Statistics

Learning the facts is the first step to preventing and addressing child abuse and neglect in our communities. The statistics and facts below will help you understand the prevalence of child abuse and neglect and the impact that child abuse and neglect has on children, families and communities.

Child abuse and neglect is highly prevalent nationally and in Missouri.

  • At least 1 in 7 children have experienced child abuse and/or neglect in the last year. ( 1 )
  • Child sexual abuse is likely the most prevalent health problem children face with the most serious array of consequences. About one in 10 children will be sexually abused before they turn 18, including one in seven girls and one in 25 boys.( 2 )
  • In Missouri, there were 5,852 substantiated cases of child abuse and/or neglect in 2016. Approximately 30% were cases of physical abuse and 25% were cases of sexual abuse.( 3 )
  • Missouri Child Advocacy Centers served over 8,500 children in 2017. Over 5,700 children reported sexual abuse and 2,100 reported physical abuse.( 4 )

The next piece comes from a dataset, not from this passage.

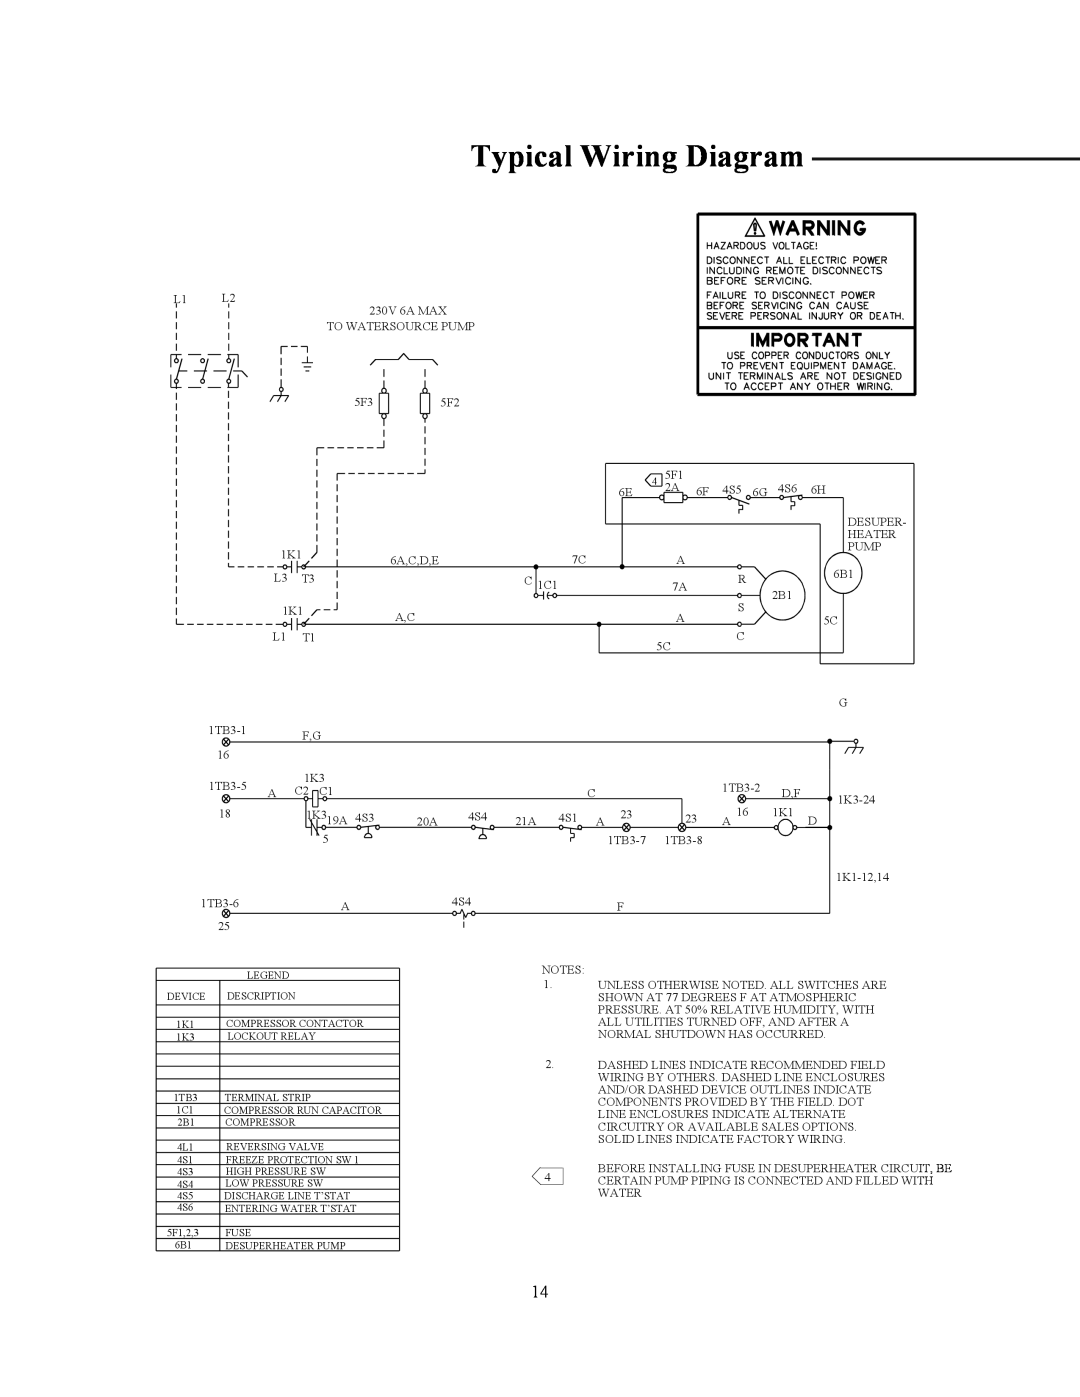 Trane GSSD specifications Typical Wiring Diagram 
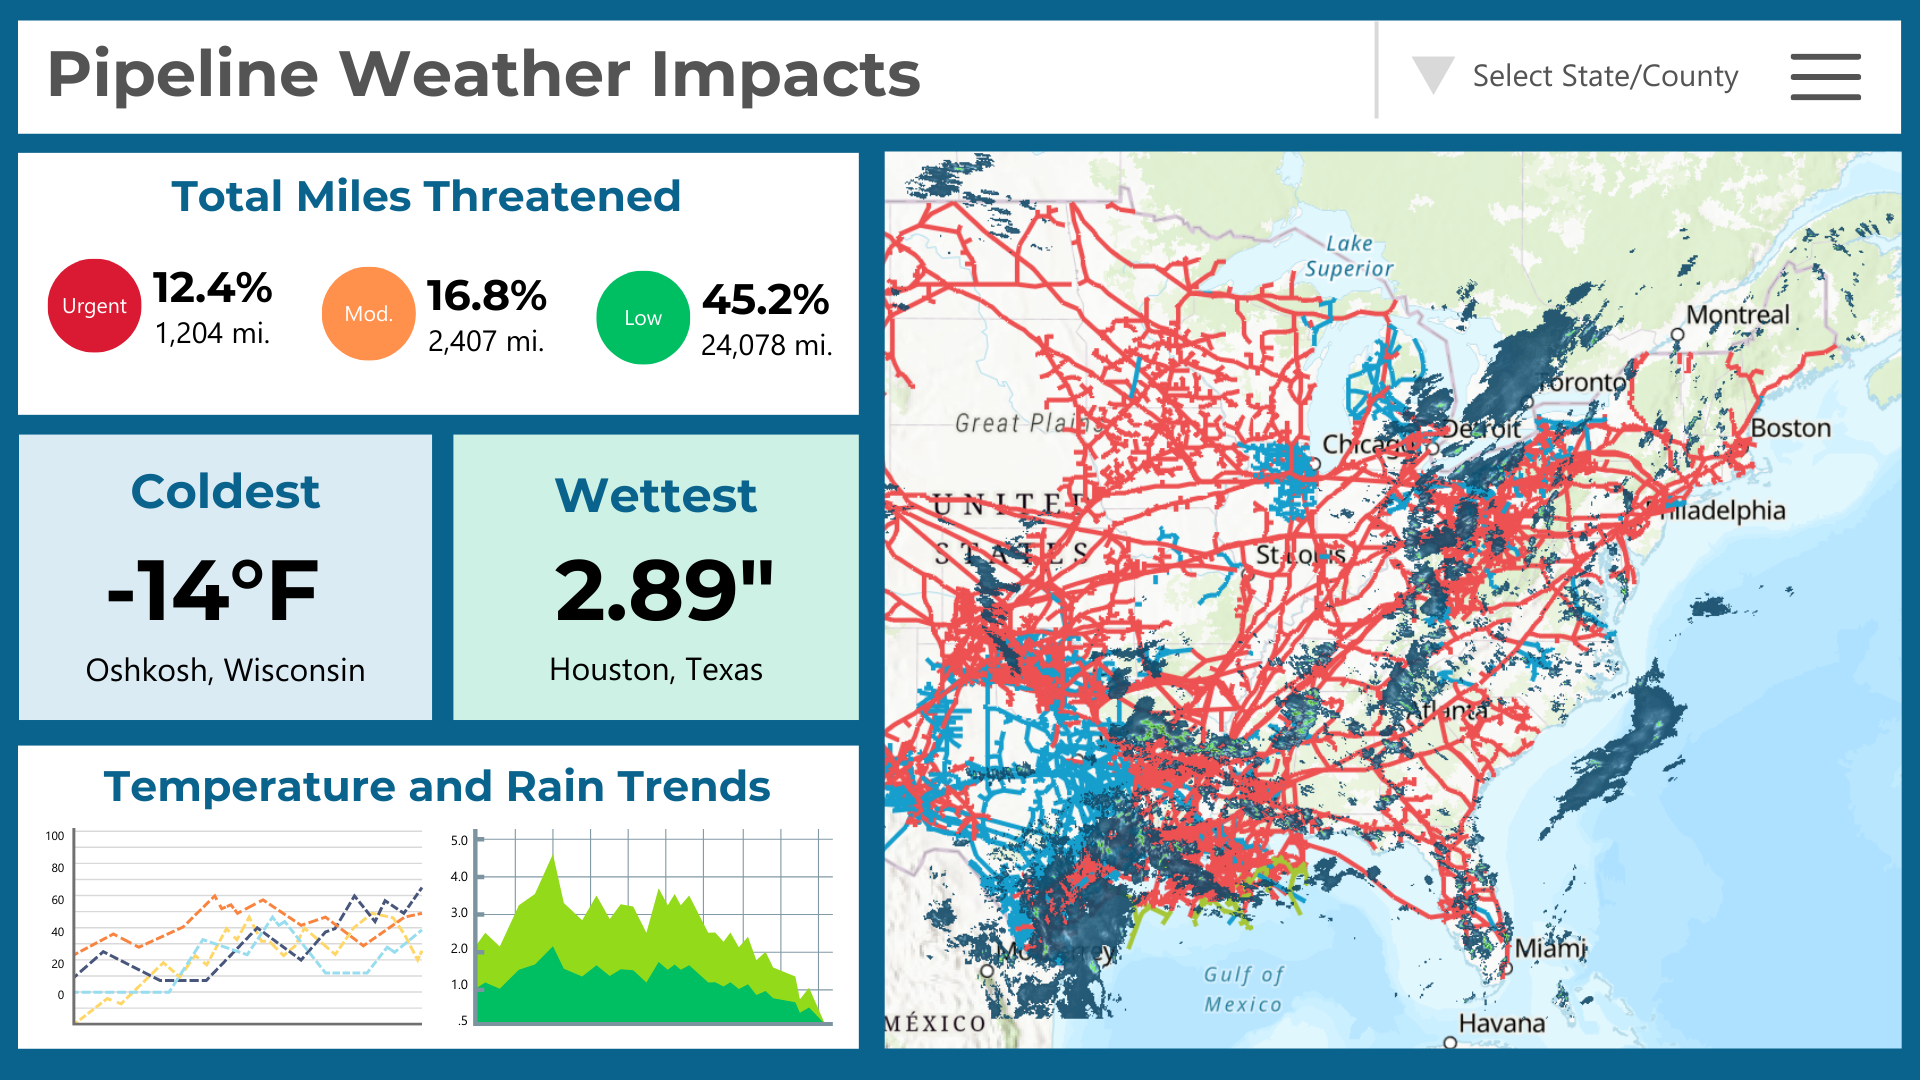 Image of a pipeline weather impacts screenshot

 Child abuse is often not disclosed.

  • Only 38% of child victims disclose the fact that they have been sexually abused and some never disclose in their lifetime.( 5 ),( 6 ),( 7 )
  • About 90% of children who are victims of sexual abuse know their abuser.( 8 )
    • 30% of children who are sexually abused are abused by family members and the younger the victim, the more likely it is that the abuser is a family member.
    • About 60% of children who are sexually abused are abused by people the family trusts (e.g. coaches, teachers, clergy).

 The impact of child abuse and neglect is substantial.

  • In the short-term, children who are abused and neglected may suffer immediate physical injuries as well as emotional and psychological problems. Child abuse and neglect can also affect long-term health outcomes, mental health, social development, and risk-taking behavior into adolescence and adulthood:
    • Childhood violence increases the risks of injury, sexually transmitted infections, including HIV, mental health problems, delayed cognitive development, reproductive health problems, involvement in sex trafficking, and noncommunicable diseases.
    • Given the high prevalence of child abuse and neglect and its vast consequences, the associated economic impact is substantial. In the United States, the total lifetime economic burden associated with child abuse and neglect was approximately $124 billion in 2008. ( 9 ),( 10 ),( 11 )
  • Child sexual abuse has been linked to higher levels of risk behaviors
  • Academic problems are a common symptom of child abuse. Sexually abused children tended to perform lower on tests, have higher absentee rates and are more likely to drop out of school.( 12 )
  • Children with a history of child sexual abuse demonstrate an increase in rates of substance abuse/dependence and delinquency and crime.( 13 )

 RESOURCES


1 Finkelhor, D., Turner, H. A., Shattuck, A., & Hamby, S. L. (2015). Prevalence of childhood exposure to violence, crime, and abuse: Results from the National Survey of Children’s Exposure to Violence. JAMA Pediatrics, 169(8), 746-754.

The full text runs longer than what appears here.